We can all get stuck in a rut.
Frustrated that we keep repeating the same errors.
Saint Paul’s words can chime with all of us; “I do not understand what I do; for I don’t do what I would like to do, but instead I do what I hate.” Romans 7:15-25
How do we go about making changes in our life?
In a podcast interview the author James Clear advises that the place to start, like Saint Paul, is with self-awareness. We need to be aware of what our struggles are and what we want to achieve. Having goals in life help us to shape what we want to achieve and what sort of person we want to be. For James Clear we can best achieve these by focusing on our daily habits and our every-day choices. What are the habits that we want to keep up? Which habits do we want to do less and which do we want to increase? Whether that’s buying different things to eat, putting a book by our bedside, creating a reminder to call a loved one, scheduling in regular exercise or putting a little bit away every month.
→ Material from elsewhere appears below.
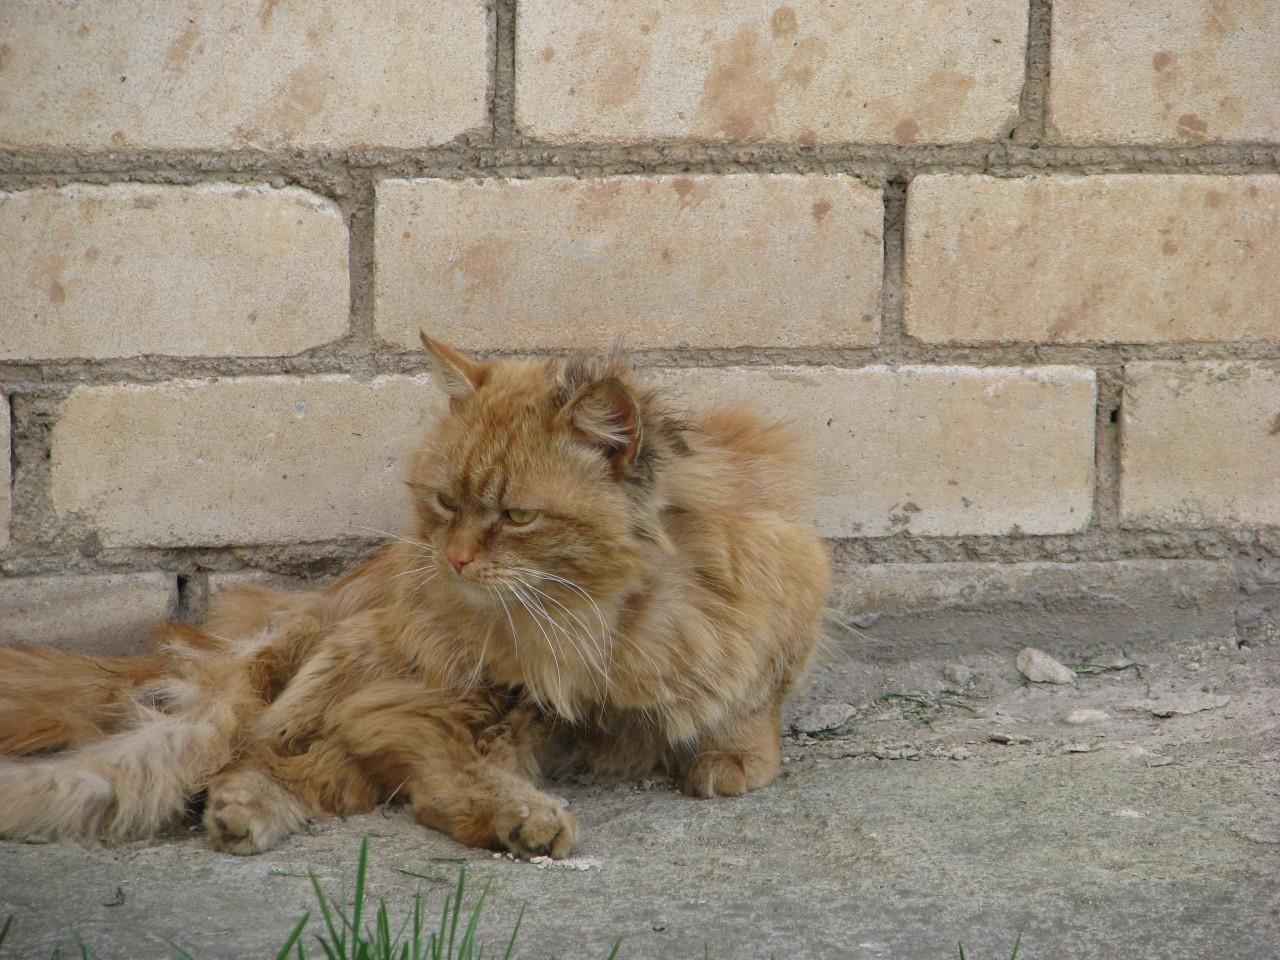 Братья наши меньшие: кто кому нужен: так кошка человеку или человек кошке?

Whatever we want to achieve in life, big or small, I have found it helpful to focus on the next one little thing that I can do.
In Matthew Chapter 7 Jesus tells a parable about two builders, a successful one who spends time and effort digging secure foundations and a disappointed builder who easily creates a home on unstable ground with disastrous outcomes. Jesus’ point is that it takes time and effort for our intentions and our actions to produce the outcomes that we want. There are no short cuts in creating habits that shape us into the people that God wants us to be.
If we keep digging, God encourages us that we can build secure foundations.
If we adjust our habits, bit by bit, we can gradually work towards our long-term goals in life.
Becoming people who do the things that we want to do.